# DATASET SECTION
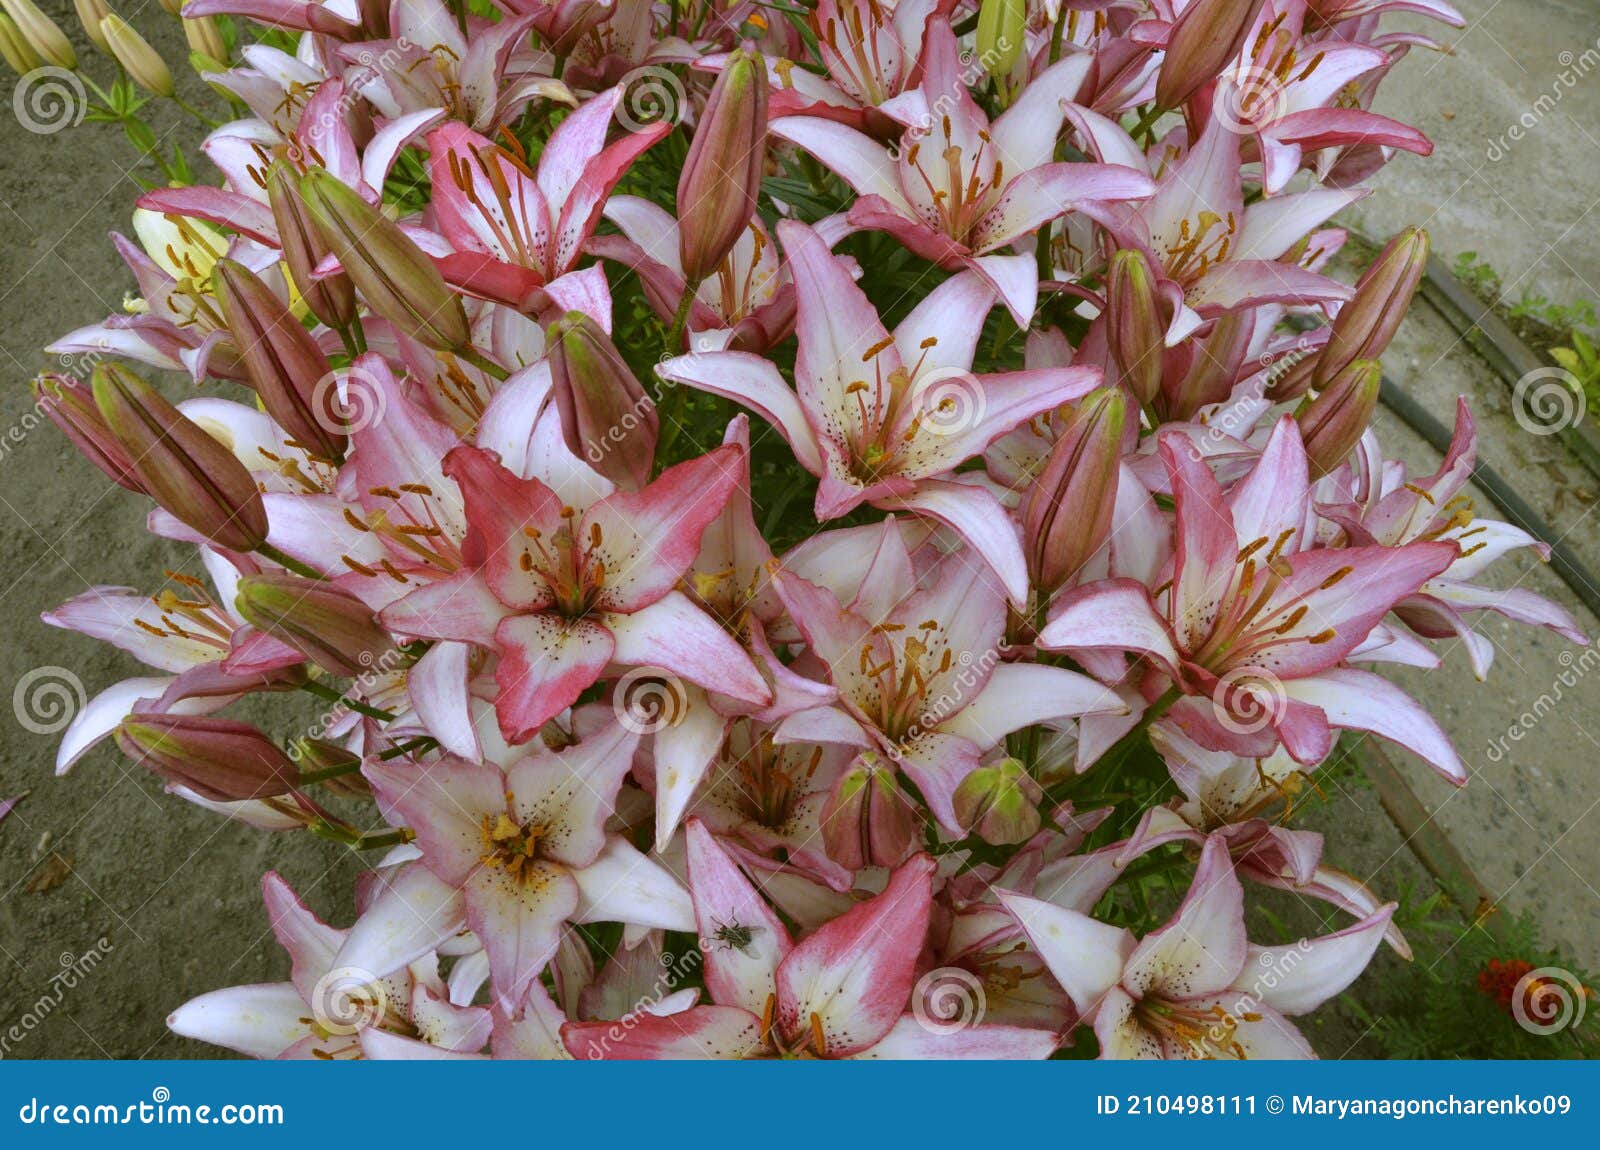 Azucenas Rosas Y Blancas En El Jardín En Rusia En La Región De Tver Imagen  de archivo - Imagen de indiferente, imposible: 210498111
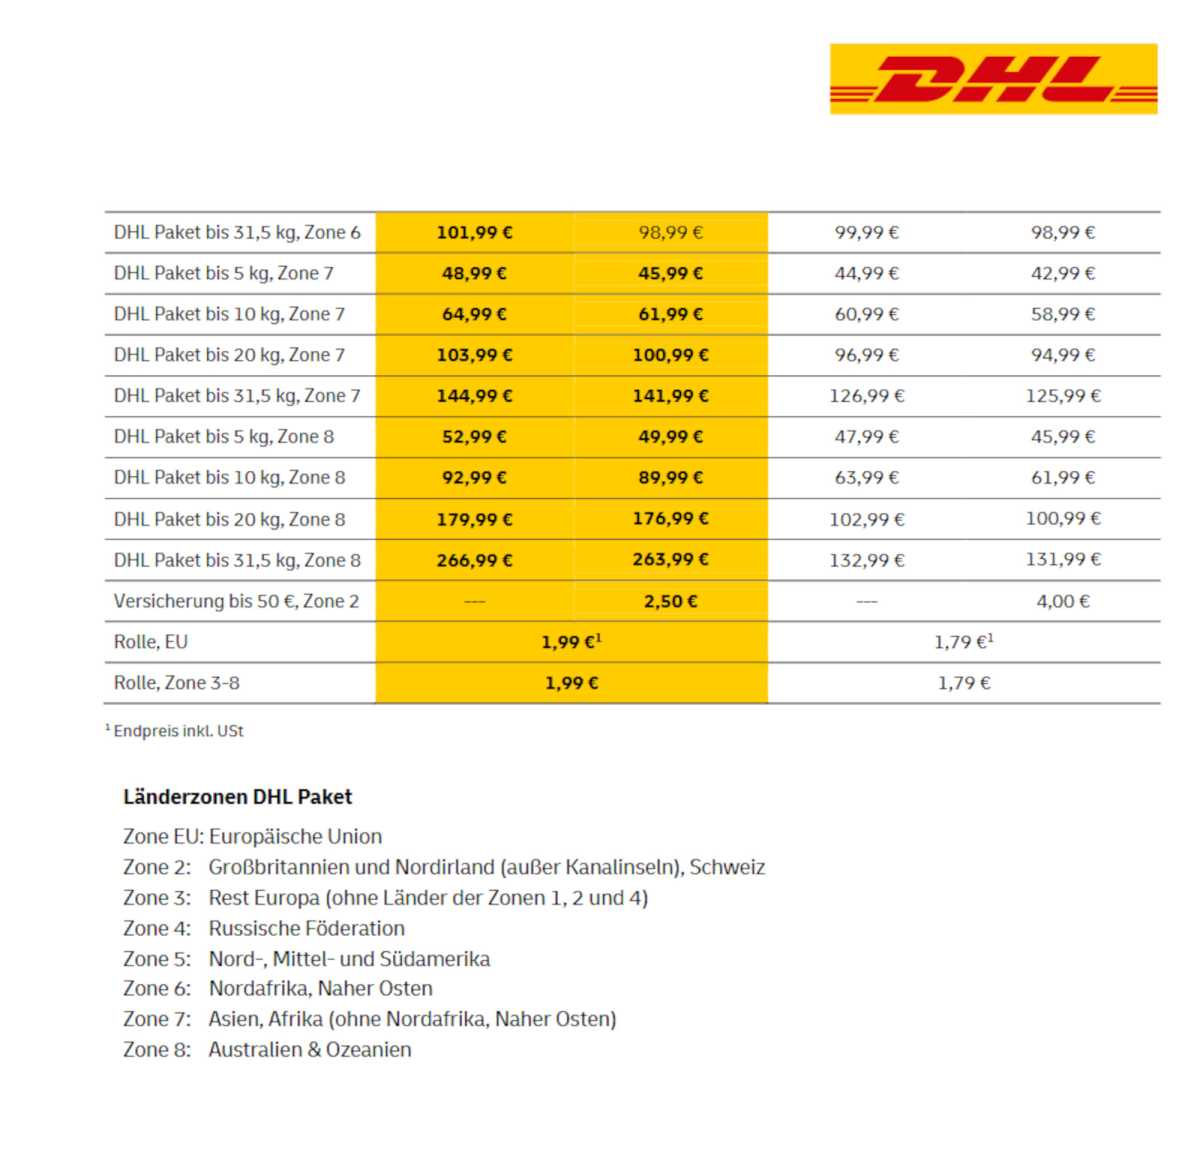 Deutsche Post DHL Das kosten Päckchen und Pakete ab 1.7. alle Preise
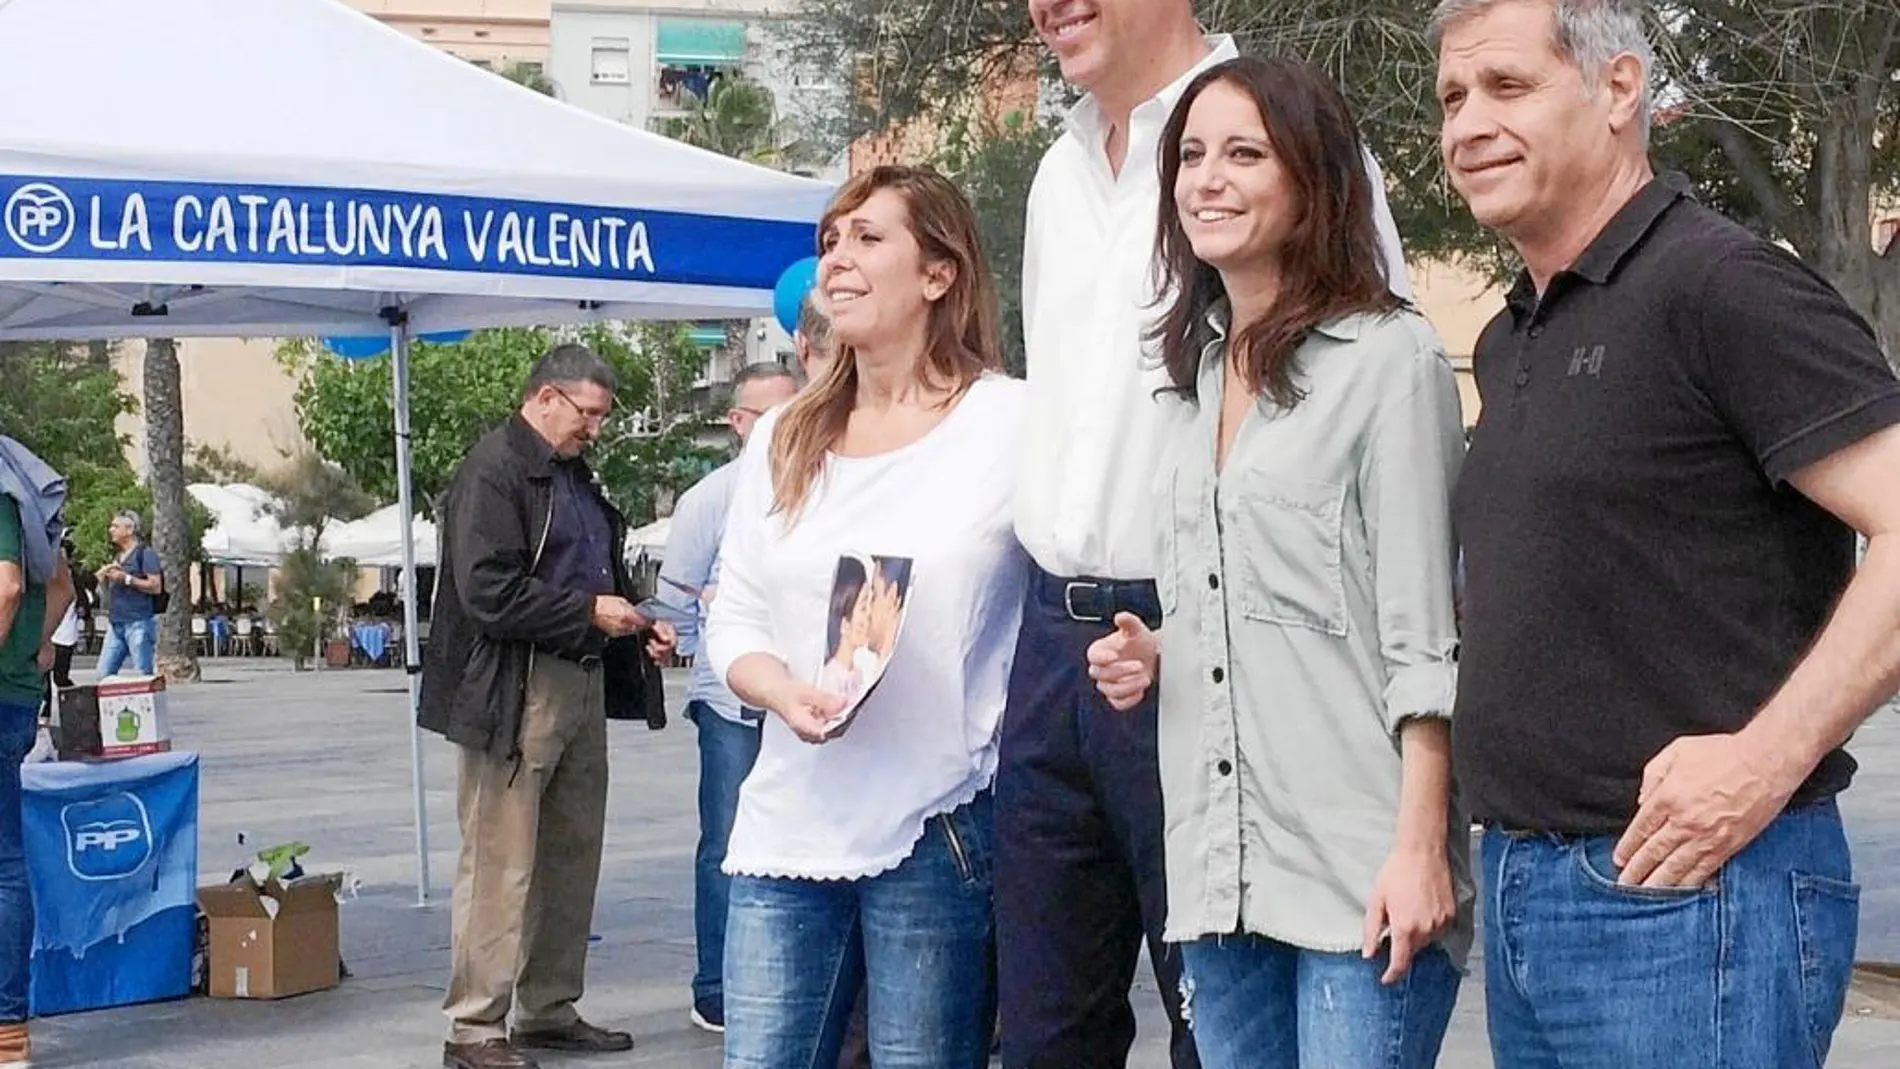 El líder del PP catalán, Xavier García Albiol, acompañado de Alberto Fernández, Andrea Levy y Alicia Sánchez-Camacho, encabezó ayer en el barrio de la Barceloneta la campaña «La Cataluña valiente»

# AIM OF THE TASK
Go through the listing above and retype each line exactly, apart from the pictures.

# RESULT OF THE EXERCISE
 Azucenas Rosas Y Blancas En El Jardín En Rusia En La Región De Tver Imagen  de archivo - Imagen de indiferente, imposible: 210498111
 Deutsche Post DHL Das kosten Päckchen und Pakete ab 1.7. alle Preise
 El líder del PP catalán, Xavier García Albiol, acompañado de Alberto Fernández, Andrea Levy y Alicia Sánchez-Camacho, encabezó ayer en el barrio de la Barceloneta la campaña «La Cataluña valiente»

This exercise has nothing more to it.